Array Size Type Speedup vs std::sort
100 float 4-5x
1,000 float 3-4x
100,000 float 7-8x
1,000,000 float 10x

For unsupported types or when SIMD is unavailable, simd_sorter automatically falls back to std::sort, ensuring correctness and portability.

Parallel Sorting

cpp-sort includes 8 parallel sorters powered by libfork for large datasets.
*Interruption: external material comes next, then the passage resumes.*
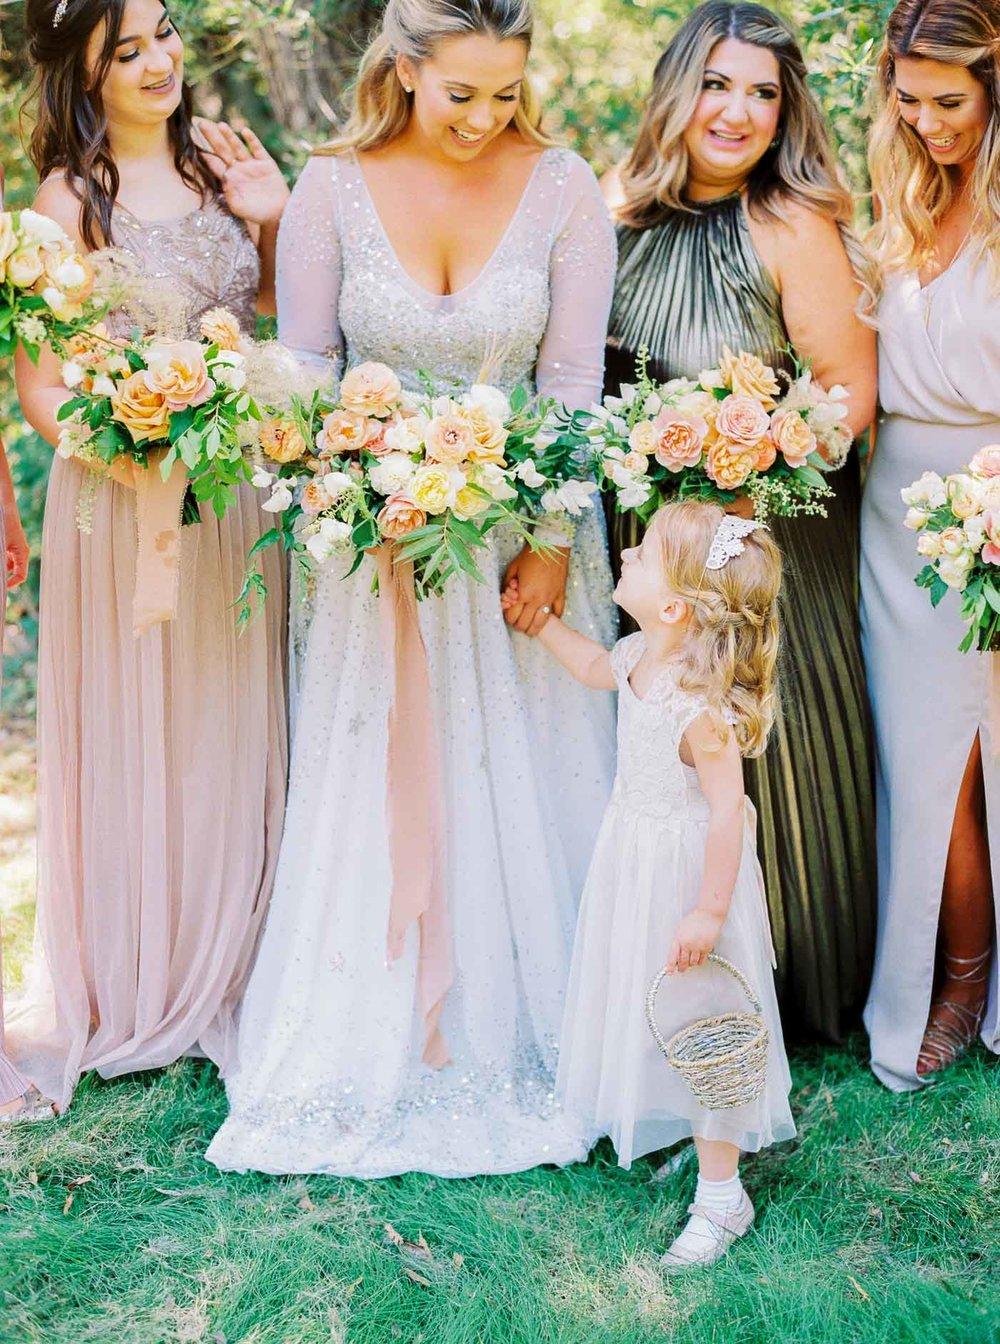 Gardener Ranch wedding-19.jpg

They automatically enable parallel sorting for datasets with 1 million or more elements, falling back to sequential sorting for smaller datasets.

#include <vector>
#include <cpp-sort/sorters/parallel_sorter.h>
#include <cpp-sort/sorters/parallel_pdq_sorter.h>
#include <cpp-sort/sorters/parallel_simd_sorter.h>

int main()
{
    // Large dataset (>= 1M elements) - uses parallel sorting
    std::vector<int> large_data(2'000'000);
    cppsort::parallel_sort(large_data);        // General parallel sort
    cppsort::parallel_pdq_sort(large_data);    // Fastest for general data
    cppsort::parallel_simd_sort(large_data);   // Fastest for SIMD-compatible types
    
    return 0;
}

Available Parallel Sorters

Sorter Stability Supported Types Description
parallel_sorter Any comparable General-purpose parallel sort (wraps std::sort)
parallel_merge_sorter Any comparable Stable parallel merge sort
parallel_quick_sorter Any comparable Parallel quicksort with median-of-three pivot
parallel_pdq_sorter Any comparable Parallel pattern-defeating quicksort (fastest general)
parallel_simd_sorter Primitives only† SIMD + parallel (fastest for primitives)
parallel_tim_sorter Any comparable Adaptive stable sort (excellent for sorted data)
parallel_heap_sorter Any comparable Parallel heapsort (consistent O(n log n))
parallel_grail_sorter Any comparable Stable in-place sort (memory-efficient)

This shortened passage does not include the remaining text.